▶ _Exercise goal_
What lines of the data below include the word "Length"? Report them by copying each.

▶ _Input data_

####

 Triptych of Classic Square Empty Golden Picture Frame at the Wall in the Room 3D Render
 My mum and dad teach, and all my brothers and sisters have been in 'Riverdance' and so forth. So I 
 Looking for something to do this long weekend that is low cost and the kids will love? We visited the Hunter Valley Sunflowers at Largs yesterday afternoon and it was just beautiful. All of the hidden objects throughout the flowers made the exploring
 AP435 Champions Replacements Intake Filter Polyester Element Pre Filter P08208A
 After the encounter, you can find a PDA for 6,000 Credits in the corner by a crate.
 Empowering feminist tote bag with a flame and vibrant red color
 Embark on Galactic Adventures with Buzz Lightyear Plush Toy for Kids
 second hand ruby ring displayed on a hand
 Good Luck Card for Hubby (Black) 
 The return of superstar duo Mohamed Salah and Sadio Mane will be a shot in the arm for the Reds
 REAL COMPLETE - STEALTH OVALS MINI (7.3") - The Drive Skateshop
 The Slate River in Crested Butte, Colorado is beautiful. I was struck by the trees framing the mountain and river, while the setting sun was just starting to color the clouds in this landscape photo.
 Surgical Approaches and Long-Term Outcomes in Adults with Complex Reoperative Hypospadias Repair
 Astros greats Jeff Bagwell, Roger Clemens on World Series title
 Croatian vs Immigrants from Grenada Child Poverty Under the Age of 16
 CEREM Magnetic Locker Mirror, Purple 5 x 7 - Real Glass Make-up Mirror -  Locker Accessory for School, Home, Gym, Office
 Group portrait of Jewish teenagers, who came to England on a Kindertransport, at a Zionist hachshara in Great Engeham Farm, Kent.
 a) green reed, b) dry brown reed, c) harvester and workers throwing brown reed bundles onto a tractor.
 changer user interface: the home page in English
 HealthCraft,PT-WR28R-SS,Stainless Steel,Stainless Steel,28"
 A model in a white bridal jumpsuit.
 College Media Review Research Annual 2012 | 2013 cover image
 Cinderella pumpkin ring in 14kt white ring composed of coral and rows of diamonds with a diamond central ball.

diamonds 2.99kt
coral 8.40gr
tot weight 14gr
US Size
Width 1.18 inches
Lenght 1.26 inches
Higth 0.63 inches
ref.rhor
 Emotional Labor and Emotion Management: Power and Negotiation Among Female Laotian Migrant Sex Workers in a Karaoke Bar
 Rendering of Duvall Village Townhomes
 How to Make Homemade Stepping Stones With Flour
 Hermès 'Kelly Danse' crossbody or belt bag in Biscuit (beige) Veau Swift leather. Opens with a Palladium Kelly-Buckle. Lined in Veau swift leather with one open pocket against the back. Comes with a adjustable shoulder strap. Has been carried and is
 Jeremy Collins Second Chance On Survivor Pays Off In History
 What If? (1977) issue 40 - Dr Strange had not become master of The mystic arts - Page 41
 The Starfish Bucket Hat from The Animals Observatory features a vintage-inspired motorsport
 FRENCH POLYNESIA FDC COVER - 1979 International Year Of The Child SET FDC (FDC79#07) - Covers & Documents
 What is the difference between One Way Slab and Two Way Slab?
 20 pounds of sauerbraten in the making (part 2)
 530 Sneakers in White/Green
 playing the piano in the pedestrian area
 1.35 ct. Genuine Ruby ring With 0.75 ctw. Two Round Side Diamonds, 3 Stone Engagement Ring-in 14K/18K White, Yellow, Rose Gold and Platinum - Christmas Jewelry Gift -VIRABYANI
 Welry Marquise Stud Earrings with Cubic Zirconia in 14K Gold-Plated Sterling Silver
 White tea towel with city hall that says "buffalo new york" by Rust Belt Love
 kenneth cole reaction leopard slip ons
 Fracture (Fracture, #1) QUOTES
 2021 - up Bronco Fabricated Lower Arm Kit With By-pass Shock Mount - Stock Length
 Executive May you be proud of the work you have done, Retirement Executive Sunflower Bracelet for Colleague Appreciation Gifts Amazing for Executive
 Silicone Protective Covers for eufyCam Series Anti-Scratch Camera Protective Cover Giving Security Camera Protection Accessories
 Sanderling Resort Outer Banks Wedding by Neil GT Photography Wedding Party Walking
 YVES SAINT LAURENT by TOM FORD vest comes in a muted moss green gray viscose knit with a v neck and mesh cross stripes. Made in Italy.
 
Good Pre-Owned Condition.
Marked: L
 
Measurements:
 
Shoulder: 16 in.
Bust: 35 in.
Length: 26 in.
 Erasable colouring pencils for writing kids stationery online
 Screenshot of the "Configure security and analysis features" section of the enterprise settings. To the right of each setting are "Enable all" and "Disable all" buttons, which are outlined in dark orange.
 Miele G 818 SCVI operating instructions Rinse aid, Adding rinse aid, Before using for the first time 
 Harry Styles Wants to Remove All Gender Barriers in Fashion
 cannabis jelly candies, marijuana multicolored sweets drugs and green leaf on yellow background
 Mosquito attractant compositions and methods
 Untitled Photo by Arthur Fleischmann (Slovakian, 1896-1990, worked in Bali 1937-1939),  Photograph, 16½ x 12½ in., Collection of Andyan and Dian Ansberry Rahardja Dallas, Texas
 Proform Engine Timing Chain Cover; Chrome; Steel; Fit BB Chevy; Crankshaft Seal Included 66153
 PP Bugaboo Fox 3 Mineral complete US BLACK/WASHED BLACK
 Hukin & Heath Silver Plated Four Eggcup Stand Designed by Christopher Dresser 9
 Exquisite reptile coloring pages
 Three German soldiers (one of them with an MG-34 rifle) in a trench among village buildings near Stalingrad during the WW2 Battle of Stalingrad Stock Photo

####

▶ _Task solution_
 2021 - up Bronco Fabricated Lower Arm Kit With By-pass Shock Mount - Stock Length
Length: 26 in.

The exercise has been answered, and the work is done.